A complex system that works is invariably found to have evolved from a simple system that worked. A complex system designed from scratch never works and cannot be patched up to make it work. You have to start over with a working simple system. — Gall’s Law
A new ActiveRecord instance has 373 public methods.
Scaling a Rails application is difficult, but not for the reasons you might expect. The framework does well at horizontally scaling for many businesses, especially small data businesses. But small data businesses might have a lot of complexity where precision counts and cents matter. (Hello, Gusto!).
All of this business complexity cannot be built in up front. The product would never ship. So what do we do? We start small and keep our aspirations in check. As we see success, our technology patterns need to grow with the business demands.

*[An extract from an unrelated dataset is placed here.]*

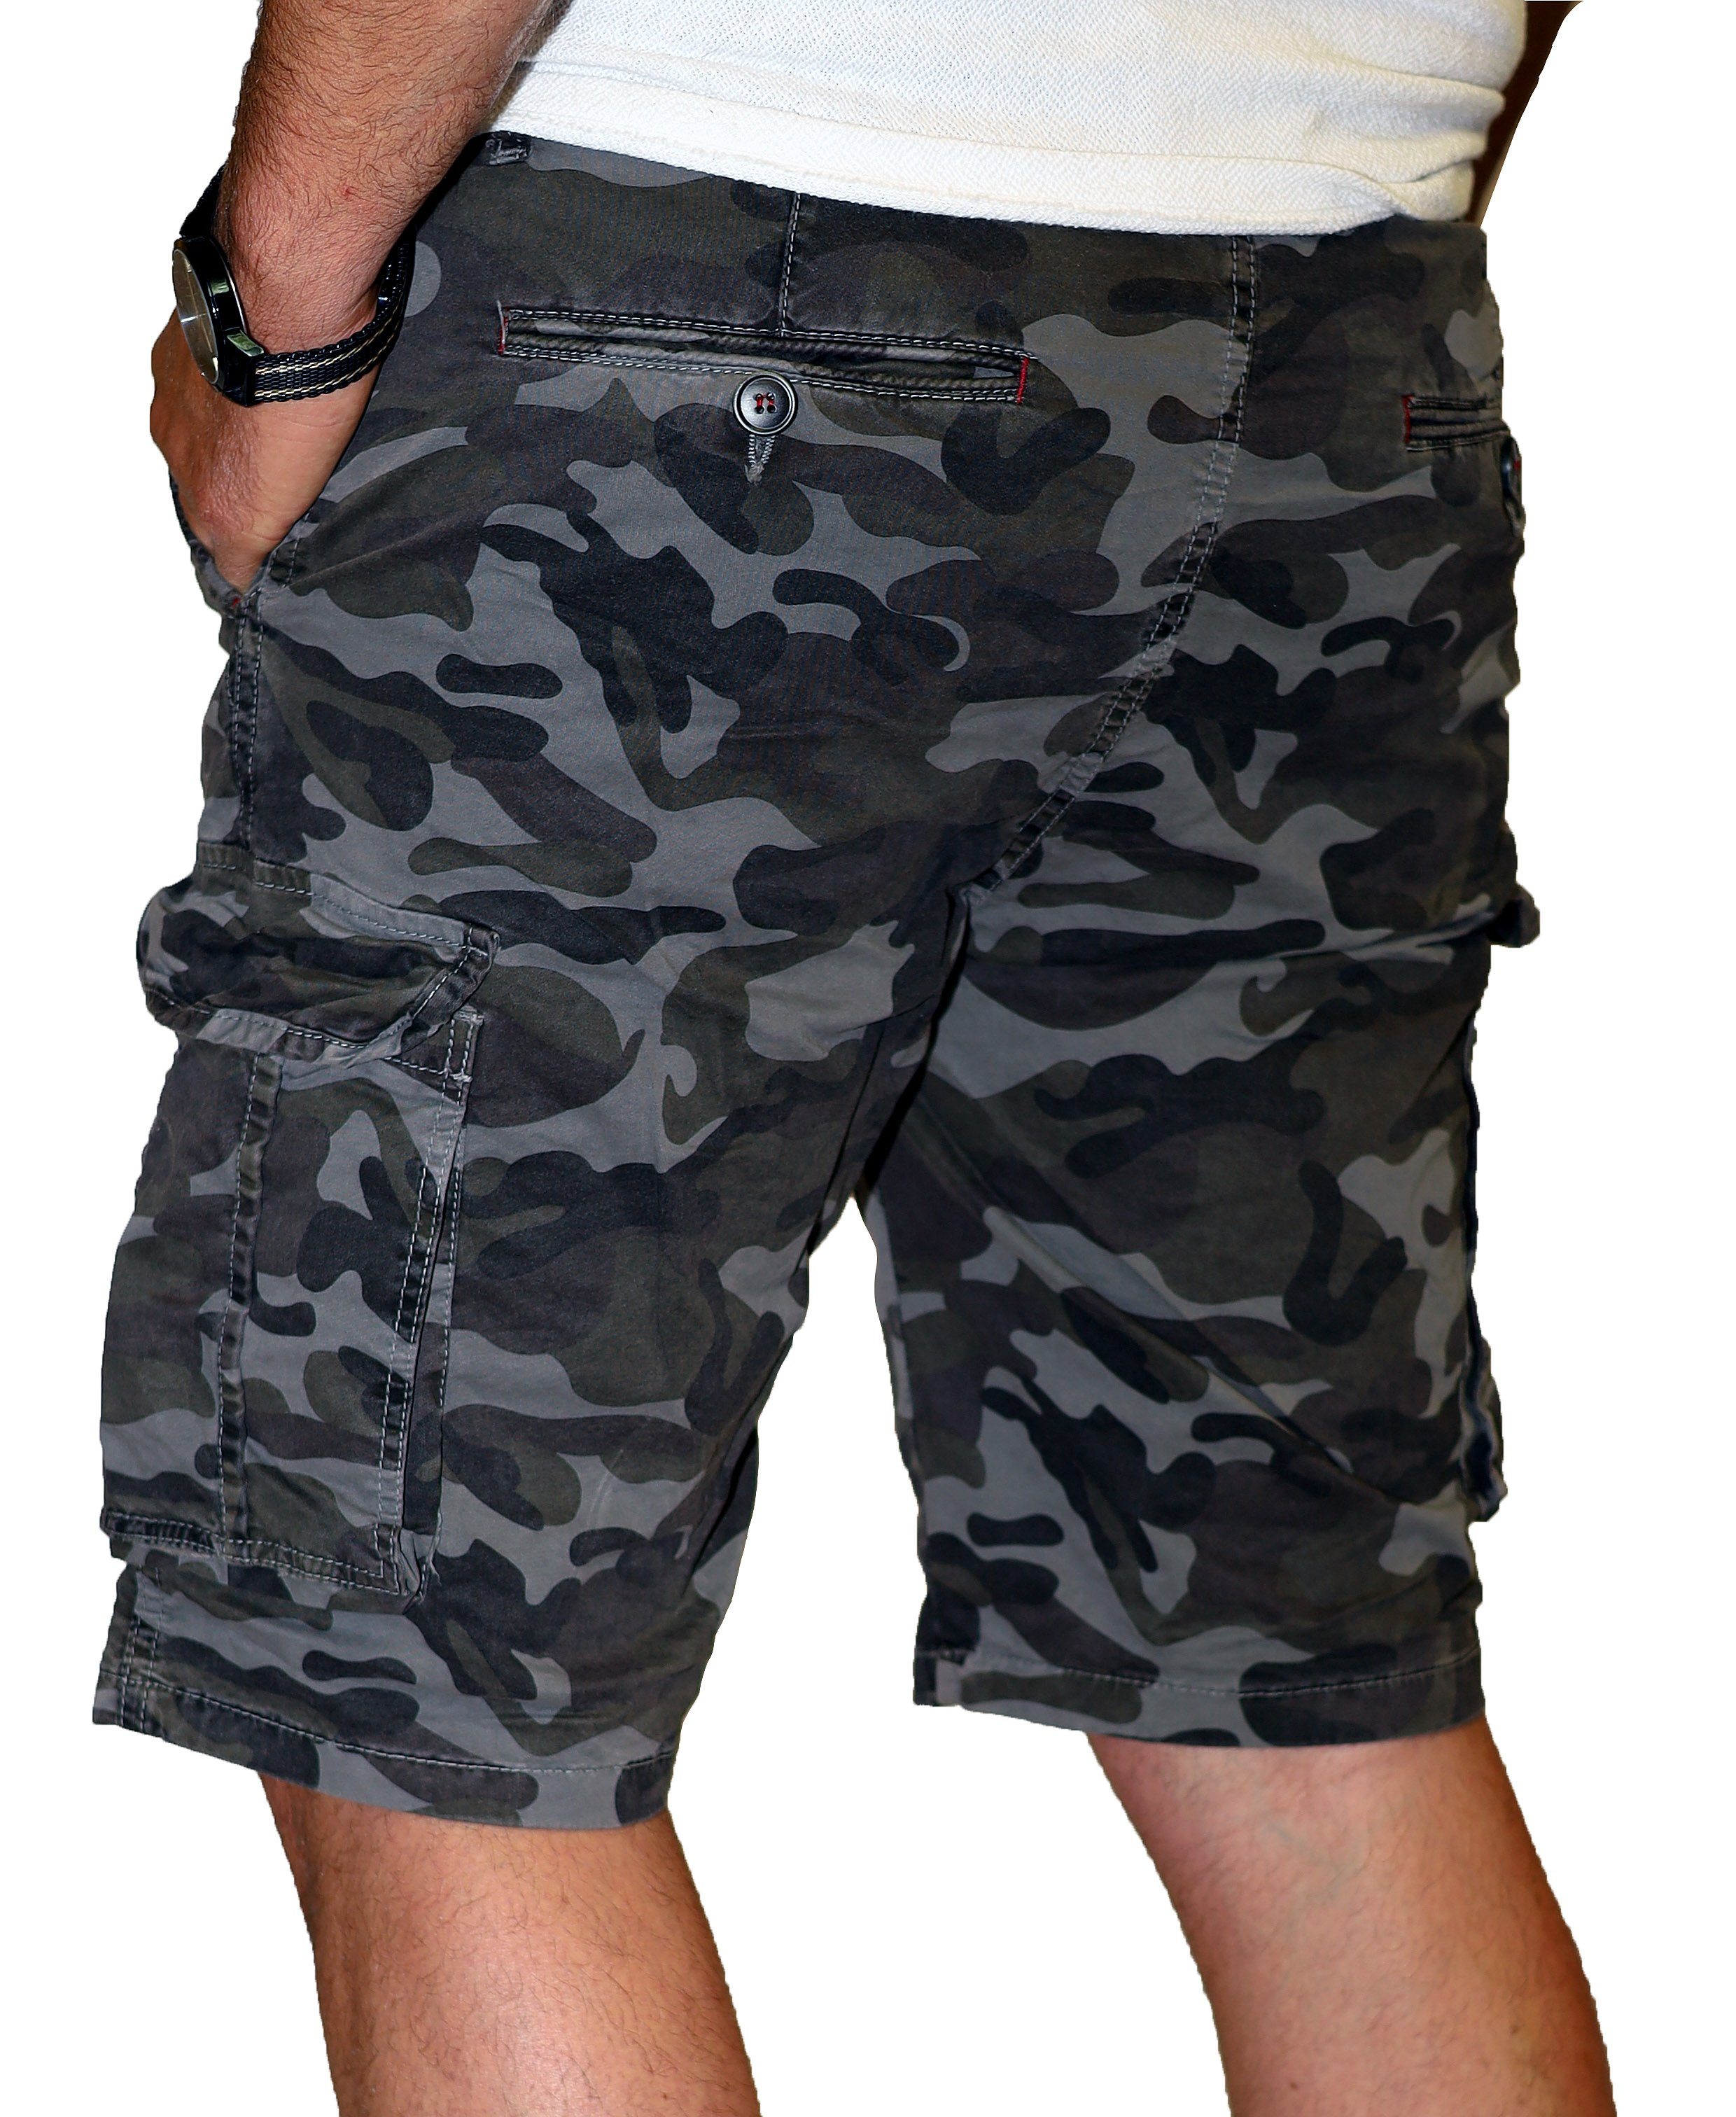 RMK Cargoshorts Herren Bermuda Baumwolle kurze Short aus Tarn Set Camouflage 100% Grau Hose Army Tarnfarben, in

I still love Rails. But the Rails defaults can be difficult to grow with.1 I’ve spent the last few years at Gusto watching a Rails monolith scale far beyond expectations and still be okay to work in.
One of the crucial elements to doing so is improving the default Rails notion of data privacy. Defaulting everything to public—especially the models—does not fly in large code bases. The tangle of dependencies, callbacks, and relationships can grind your entire engineering organization to a halt.
To solve this, a few folks at work and I have been experimenting with private ActiveRecord models. We’ve gotten some great mileage out of this, and have been able to accomplish some tricky data refactors using this technique.
Let’s see how it works.
As a system grows, we should aim for more encapsulation. We don’t need microservices or Rails engines to accomplish this; some little known Ruby primitives will do just the trick.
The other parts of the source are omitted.